Systematic profiling of clinical missence mutation effects on the intermolecular interaction between human growth hormone and its receptor in isolated growth hormone deficiency

Abstract Isolated growth hormone deficiency (IGHD) is the most common pituitary hormone deficiency and can result from congenital or acquired causes. Among the known factors, genetic mutations in human growth hormone (hGH) remain the most frequent cause of IGHD, which influence the binding of hGH to its cognate receptor (hGHbp). Although previous studies have systematically investigated the residue importance at hGH–hGHbp complex interface, the molecular role of IGHD-associated residue mutations in the complex function still remains largely unexplored. Here, a total of 21 known hGH naturally-occurring missence mutations that have been clinically observed to be involved in IGHD disorder are collected and confirmed by original literature; they effects on the conformation, energetics and dynamics of hGH–hGHbp recognition and interaction are dissected at molecular level by using atomistic dynamics simulations, binding energy calculations and fluorescence spectroscopy assays.

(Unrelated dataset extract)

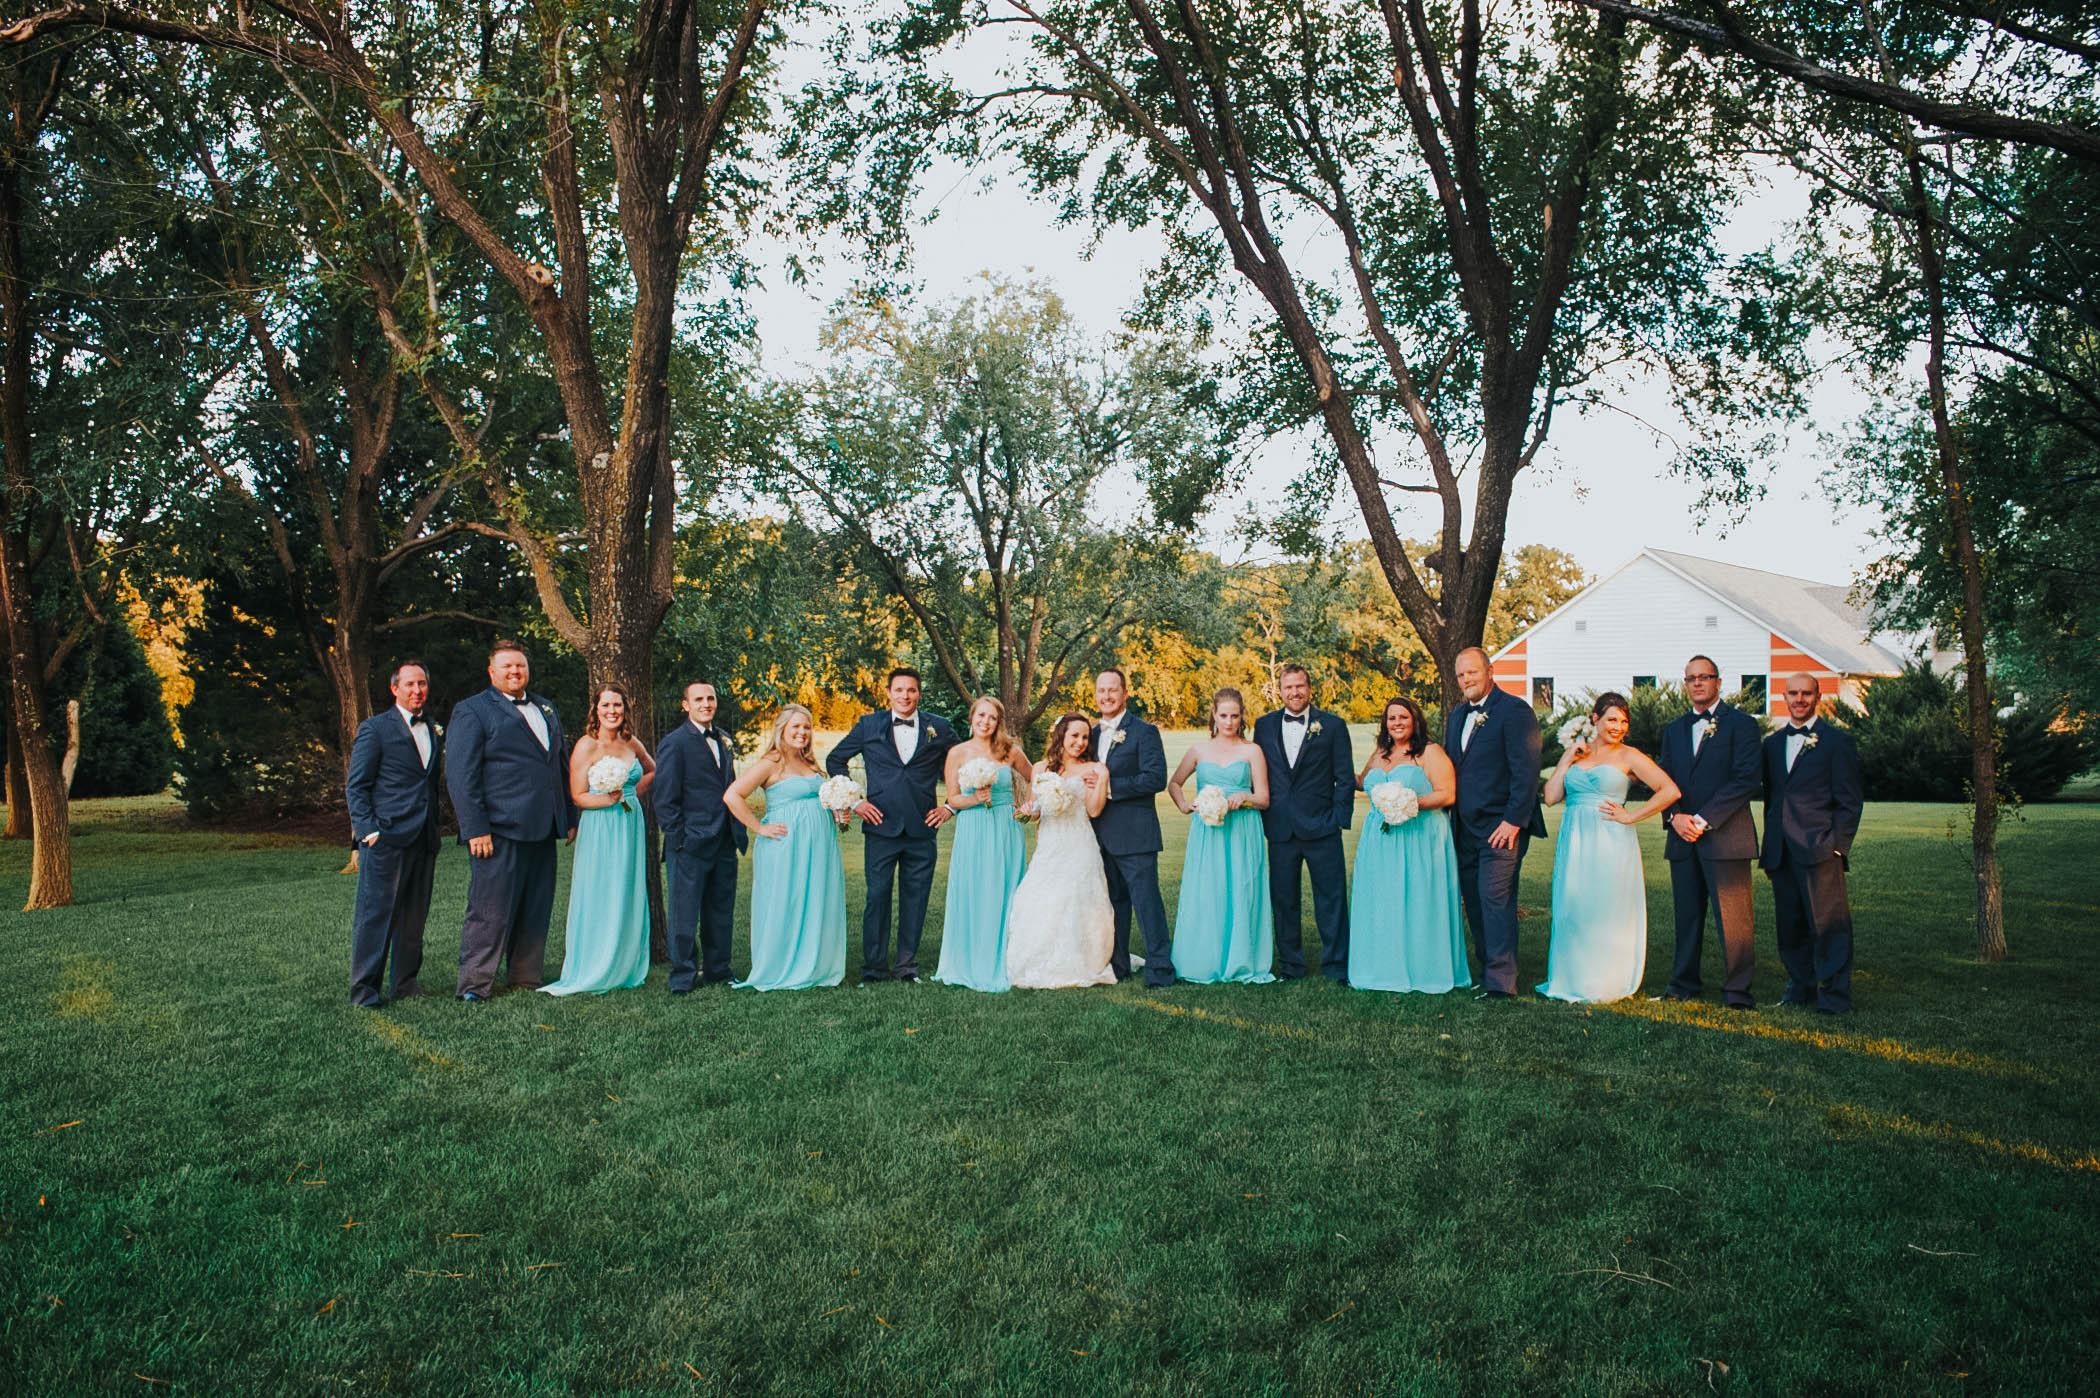 Whidbey-Island-Wedding-Photographer-J-Hodges (6 of 8)-2.jpg

A systematic profile of hGH–hGHbp binding response to these clinical missence mutations is created, based on which it is revealed that (i) most mutations have appreciably unfavorable effect on the binding, which potentially destabilize the complex interaction, while only very few are predicted as moderate stabilizers for the complex system, and (ii) these disease-related mutations can locate either at complex interface or in hGH protein interior far away from the interface; both can influence the complex binding through either direct interaction or indirect allostericity. Two mutations, E100K (non-interface) and G146R (interface), are identified to address potent destabilization effect on hGH–hGHbp complex system; they can reduce the complex binding affinity by 8-fold ( K d changes from 0.76 to 5.9 nM) and 46-fold ( K d changes from 0.76 to 34.7 nM), respectively.